[Input material]
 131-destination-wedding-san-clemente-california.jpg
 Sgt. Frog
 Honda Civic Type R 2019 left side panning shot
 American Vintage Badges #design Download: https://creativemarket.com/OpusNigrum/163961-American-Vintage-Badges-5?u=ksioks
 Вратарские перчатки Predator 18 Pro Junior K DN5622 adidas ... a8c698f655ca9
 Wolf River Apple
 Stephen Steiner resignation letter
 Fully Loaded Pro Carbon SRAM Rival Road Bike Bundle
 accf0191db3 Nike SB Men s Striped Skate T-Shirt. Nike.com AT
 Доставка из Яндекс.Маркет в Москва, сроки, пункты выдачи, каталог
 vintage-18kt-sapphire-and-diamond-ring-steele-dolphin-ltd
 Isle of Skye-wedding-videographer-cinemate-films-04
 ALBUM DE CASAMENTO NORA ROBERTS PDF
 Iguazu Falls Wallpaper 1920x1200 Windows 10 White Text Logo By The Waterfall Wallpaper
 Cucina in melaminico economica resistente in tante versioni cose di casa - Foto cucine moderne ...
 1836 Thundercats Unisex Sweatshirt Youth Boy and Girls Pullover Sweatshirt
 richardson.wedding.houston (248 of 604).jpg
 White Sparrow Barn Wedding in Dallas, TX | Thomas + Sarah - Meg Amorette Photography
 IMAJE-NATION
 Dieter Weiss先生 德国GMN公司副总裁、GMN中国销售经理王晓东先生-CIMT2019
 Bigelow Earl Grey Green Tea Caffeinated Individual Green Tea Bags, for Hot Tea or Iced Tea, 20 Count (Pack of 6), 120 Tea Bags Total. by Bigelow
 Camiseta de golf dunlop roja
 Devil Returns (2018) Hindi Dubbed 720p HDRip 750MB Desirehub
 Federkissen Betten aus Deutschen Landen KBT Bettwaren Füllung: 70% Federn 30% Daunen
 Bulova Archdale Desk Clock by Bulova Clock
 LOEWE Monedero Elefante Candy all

[Task directions]
Please print the records above exactly from their first line. End with the line containing "accf0191db3 Nike SB", and include it.

[Worked solution]
 131-destination-wedding-san-clemente-california.jpg
 Sgt. Frog
 Honda Civic Type R 2019 left side panning shot
 American Vintage Badges #design Download: https://creativemarket.com/OpusNigrum/163961-American-Vintage-Badges-5?u=ksioks
 Вратарские перчатки Predator 18 Pro Junior K DN5622 adidas ... a8c698f655ca9
 Wolf River Apple
 Stephen Steiner resignation letter
 Fully Loaded Pro Carbon SRAM Rival Road Bike Bundle
 accf0191db3 Nike SB Men s Striped Skate T-Shirt. Nike.com AT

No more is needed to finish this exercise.